Décision du 22 Octobre 2025
PS ctx technique
N° RG 19/04640 – N° Portalis 352J-W-B7D-CPB24
— Sur les dépens
Par application des dispositions de l’article 696 du Code de procédure civile, les dépens seront à la charge de Madame [S] [C] qui succombe à l’instance.
Il convient par ailleurs de rappeler que les frais d’expertise restent à la charge de la [9] [Localité 14] pour le compte de la [5] ([7]) par application des dispositions de l’article L.142-11 du Code de la sécurité sociale, dans les conditions du protocole du 23 novembre 2020.
PAR CES MOTIFS,
Le tribunal, après en avoir délibéré conformément à la loi, statuant publiquement, par jugement réputé contradictoire, rendu en premier ressort, par mise à disposition au greffe,
DÉCLARE recevable mais mal-fondé le recours exercé par Madame [S] [C] à l’encontre de la décision de la [Adresse 10] ([11]) de l’Essonne du 19 juin 2018 fixant entre 50% et 79% le taux d’incapacité de Madame [S] [C], sans qu’une restriction substantielle et durable d’accès à l’emploi.

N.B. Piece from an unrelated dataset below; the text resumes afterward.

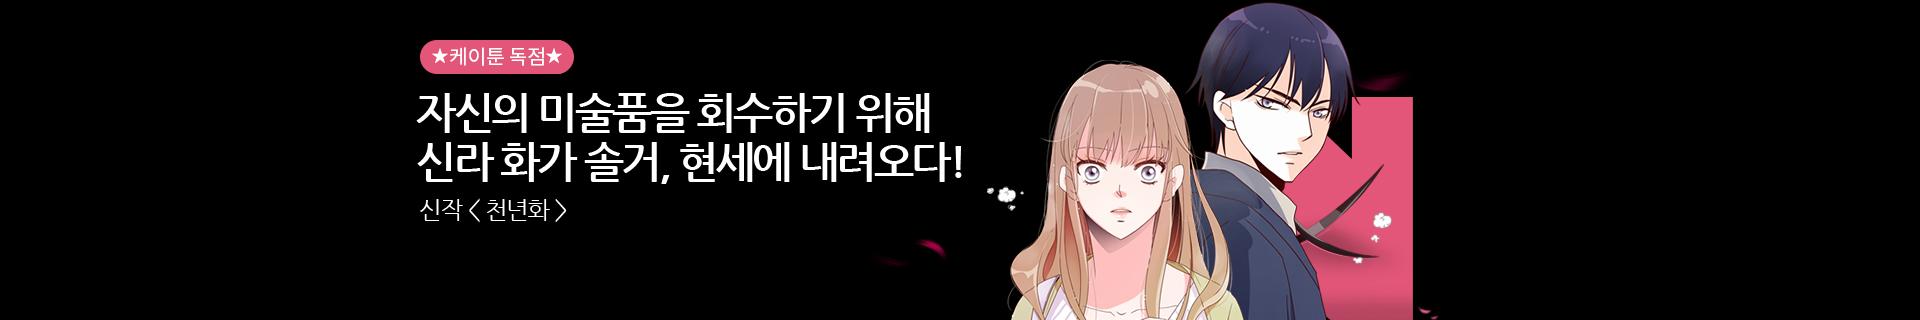 PC_sub_bn_웹툰신작_천년화_1920x320.jpg
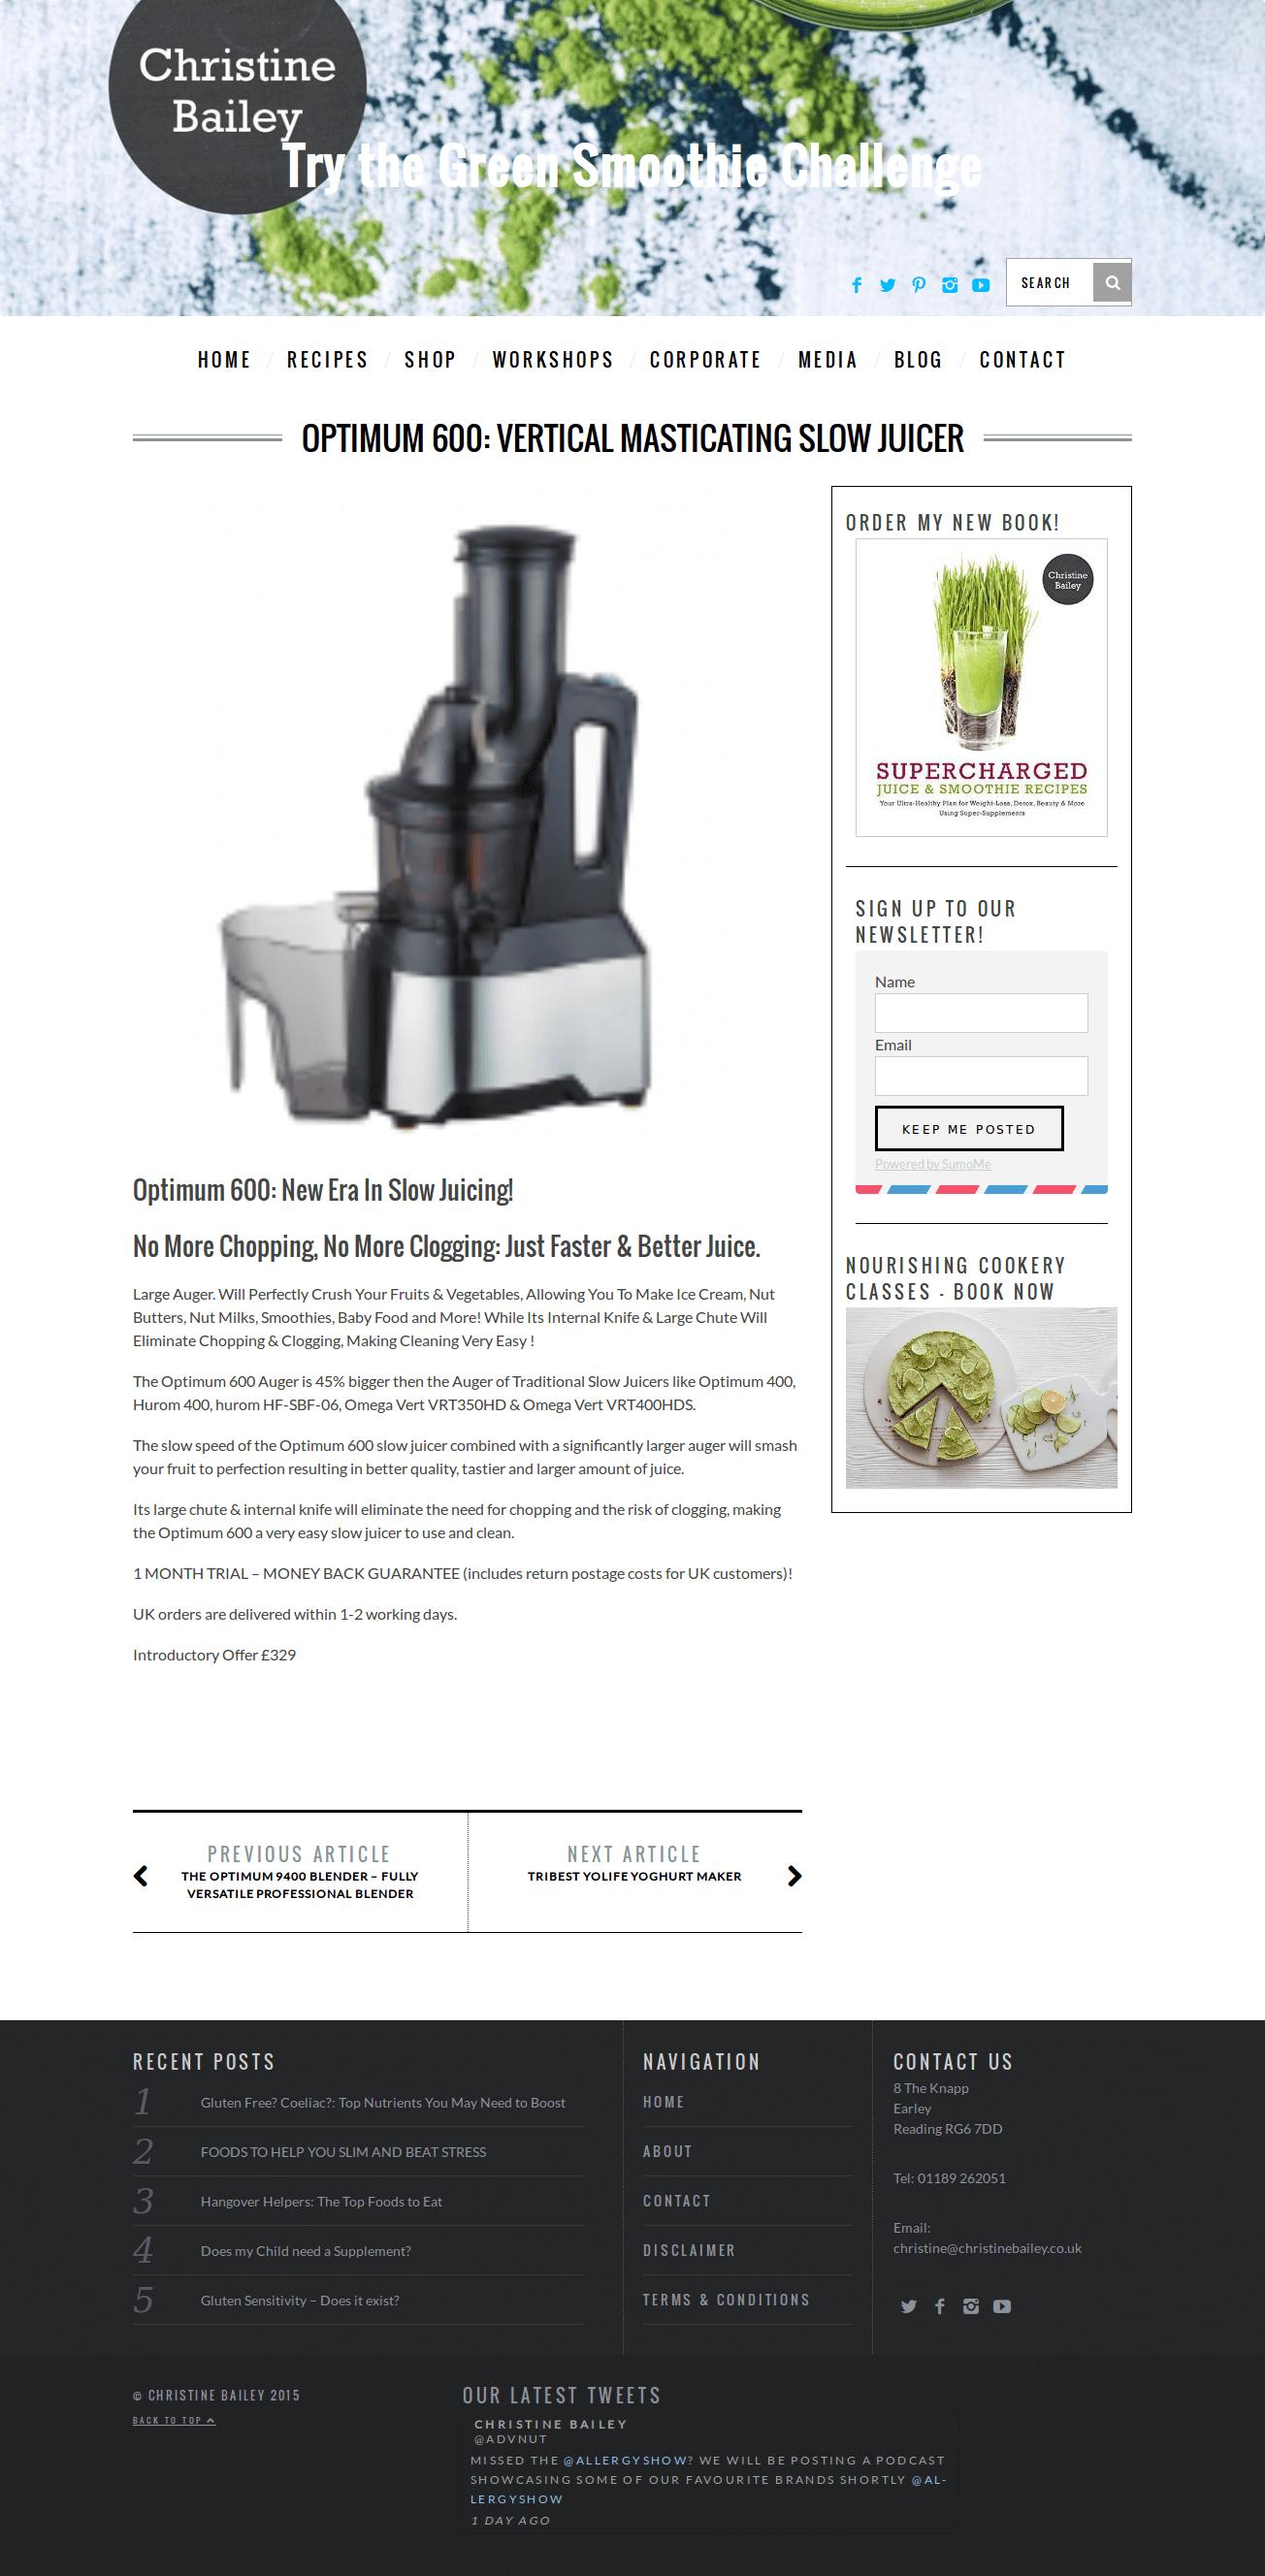 Optimum 400 Slow Juicer Review : Slow juicers :: Optimum 600 : 2016 Best Selling Slow Juicer Large Chute, No Prep, Delicious Juice.

DIT que Madame [S] [C] ne réunit pas les conditions ni pour l’attribution de l’AAH ni du complément de ressources,
DIT Madame [S] [C] supportera la charge des dépens,
RAPPELLE que, par application des dispositions de l’article L.142-11 du Code de la sécurité sociale, les frais d’expertise restent à la charge de la [9] [Localité 14] pour le compte de la [5] ([7]), dans les conditions du protocole du 23 novembre 2020.
Fait et jugé à [Localité 14] le 22 Octobre 2025
Le Greffier Le Président
N° RG 19/04640 – N° Portalis 352J-W-B7D-CPB24
EXPÉDITION exécutoire dans l’affaire :
Demandeur : Mme [S] [C]
Défendeur : [12]
EN CONSÉQUENCE, LA RÉPUBLIQUE FRANÇAISE mande et ordonne :
A tous les huissiers de justice, sur ce requis, de mettre ladite décision à exécution,
Aux procureurs généraux et aux procureurs de la République près les tribunaux judiciaire d’y tenir la main,
A tous commandants et officiers de la force publique de prêter main forte lorsqu’ils en seront légalement requis.
En foi de quoi la présente a été signée et délivrée par nous, Directeur de greffe soussigné au greffe du Tribunal judiciaire de Paris.